CHAPTER II.
ON THE FROZEN OCEAN.

1. Unfavourable winds had hindered our progress for some days; we now encountered heavy seas. On July 23 a sudden fall of the temperature and dirty rainy weather told us that we were close to the ice, which we expected to find later and much more to the northward, and on the evening of July 25, lat. 74° 0′ 15″ N., we actually sighted it, the thermometer marking 32·5° F., and 34·5° F. in the sea. The northerly winds, which had prevailed for some time had broken up the ice, and it lay before us in long loose lines. Its outer boundary was consequently the very opposite of those solid walls of ice which we met with in Greenland in 1869, and two years afterwards on the east of Spitzbergen. Though surprised at finding the ice so far to the south, we never imagined that this was anything but a collection of floes, which had drifted out perhaps from the Sea of Kara through the Straits of Matotschkin. But only too soon the conviction was forced upon us that we were already within the Frozen Ocean, and that navigation in the year 1872 was to differ widely from that of the preceding year. Lieutenant Weyprecht had the day before fastened “the crow’s nest” to the mainmast of the Tegetthoff, and henceforth it became the abode of the officer of the watch. On July 26, while steering in a north-easterly direction, the ice became closer, though it was still navigable; but we nowhere saw the heavy fields which had astonished us on the east coast of Greenland, and which Lütke found to be so dangerous to navigation. The temperature of the air and the sea fell rapidly, and during the two following weeks it remained below the freezing point almost uniformly, and without any essential difference between day and night.

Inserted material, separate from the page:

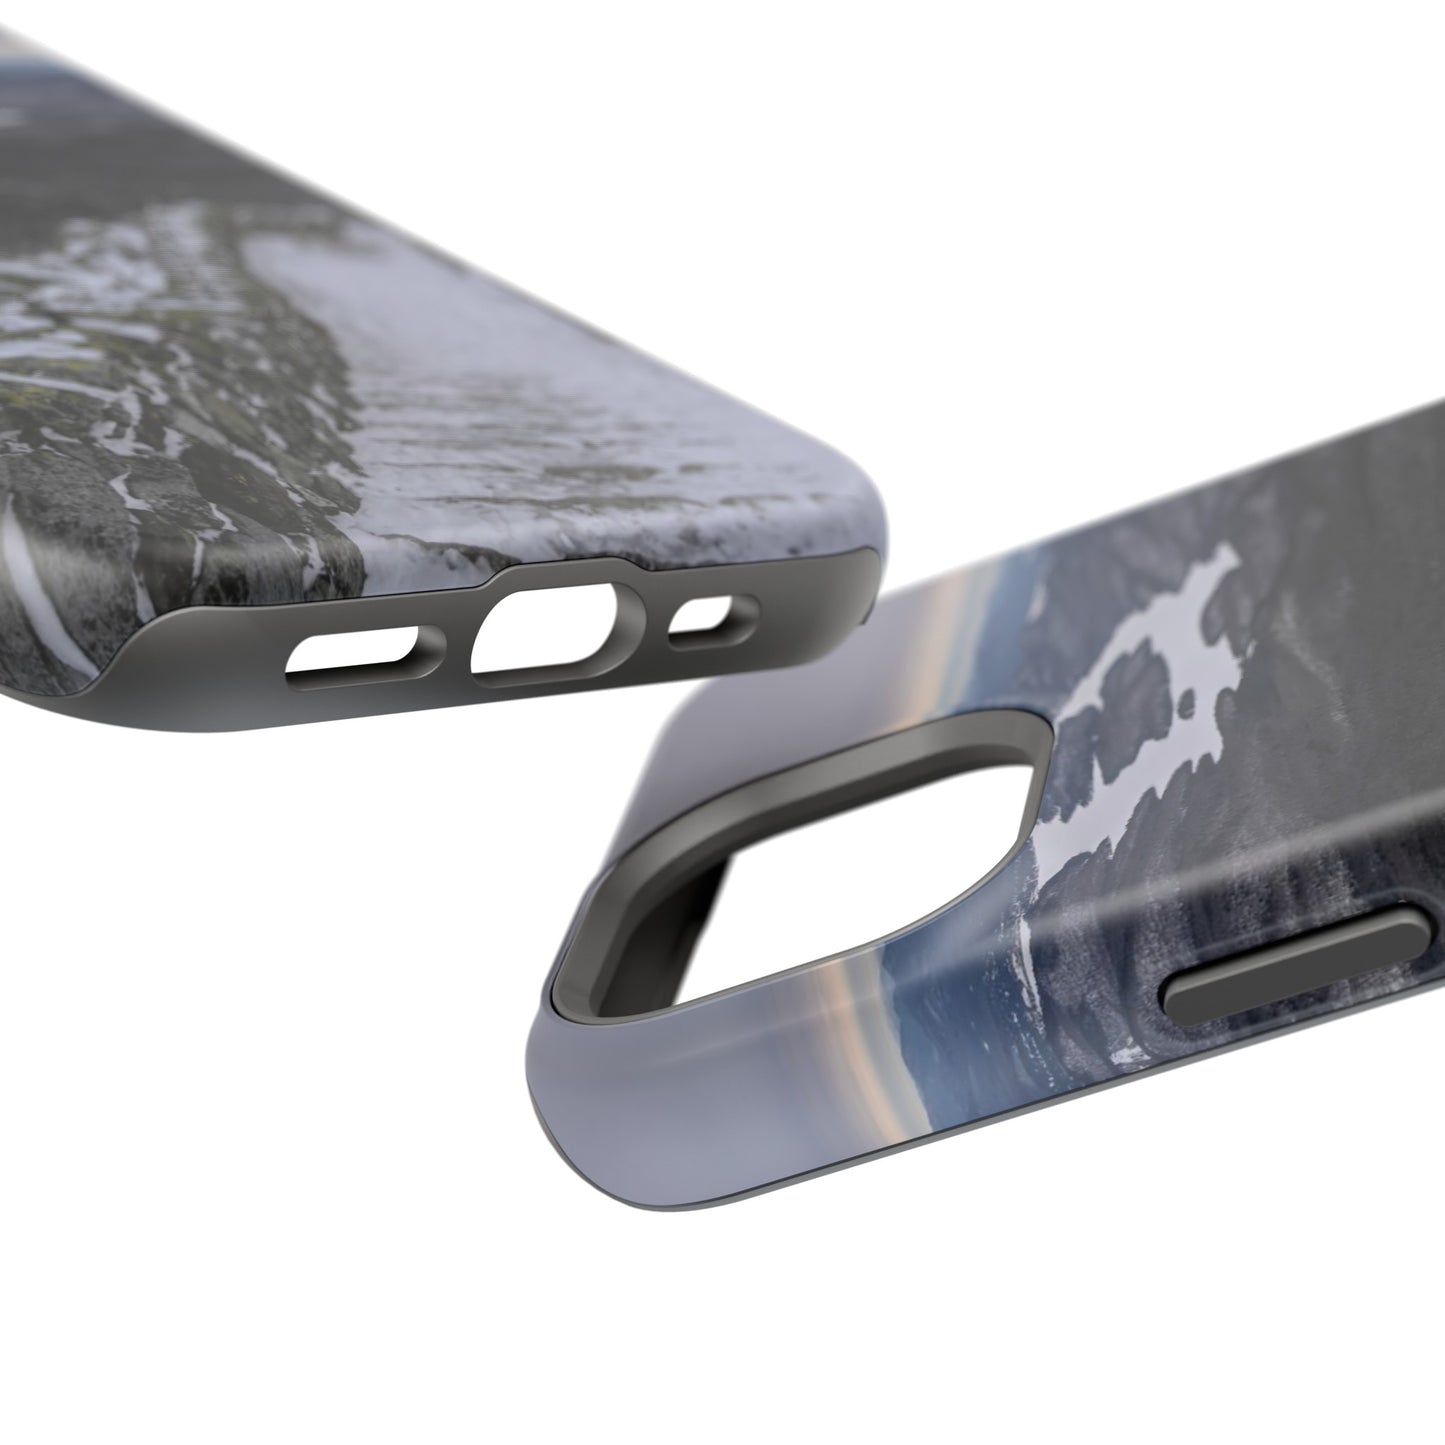 MagSafe Impact Resistant Phone Case - Lake Placid View, Whiteface

STILL LIFE IN THE FROZEN OCEAN.

2. The frozen sea of Novaya Zemlya is characterized by that inconstancy of weather which in our lower latitudes we attribute to the month of April; the same variability is met with, though in lesser degree, in the Greenland seas during the summer months. Snowstorms now alternated with the most glorious blue skies. The black-bulbed thermometer showed 113° F. in the sun, with 39° F. in the shade. The hunting season began, and the kitchen was well provided with auks and seals. Our Dalmatians soon learnt to like the dark flesh of the latter.

3. The ice gradually became closer; July 29 (74° 44′ N. Lat., 52° 8′ E. Long.) we were able to continue our course only under steam, and heavy shocks were henceforward inevitable; in many cases the vessel could not force a passage except by charging the ice. In the night a vast, apparently impenetrable barrier stopped our progress; but the tactics of charging under steam again cleared a passage, and we penetrated into a larger “ice-hole.” We now glided along over the shining surface of its waters, as if we were navigating an inland lake, save that no copsewood clothed the shores, but pale blocks of ice, which the mist, that now fell and enveloped us, transformed into the most fantastic shapes, and at last into mere shapelessness itself. In all that surrounded us neither form nor colour was discernible; faint shadows floated within the veil of mist, and our path seemed to lead no whither. A few hours before the glowing fire of the noonday sun had lain on the mountain wastes of Novaya Zemlya, while refraction raised its long coast high above the icy horizon. Nowhere does a sudden change in Nature exercise so immediate an effect on the mind as in the Frozen Ocean, where, too, all that brings delight proceeds from the sun.

4. For some days we had entered into a world utterly strange to most of us on board the Tegetthoff. Dense mists frequently enveloped us, and from out of the mantle of snow of the distant land the rocks, like decayed battlements, frowned on us inhospitably. There is no more melancholy sound than that which accompanies the decay and waste of the ice, as it is constantly acted on by the sea and thaw, and no picture more sad and solemn than the continuous procession of icebergs floating like huge white biers towards the south. Ever and anon there rises the noise of the ocean swell breaking amongst the excavations of the ice-floes, while the water oozing out from their icy walls falls with monotonous sound into the sea; or perhaps a mass of snow, deprived of its support, drops into the waves, to disappear in them with a hissing sound as of a flame. Never for a moment ceases the crackling and snapping sound produced by the bursting of the external portions of the ice. Magnificent cascades of thaw-water precipitate themselves down the sides of the icebergs, which sometimes rend with a noise as of thunder as the beams of the sun play on them. The fall of the titanic mass raises huge volumes of foam, and the sea-birds, which had rested on its summit in peaceful confidence, rise with terrified screams, soon to gather again on another ice-colossus.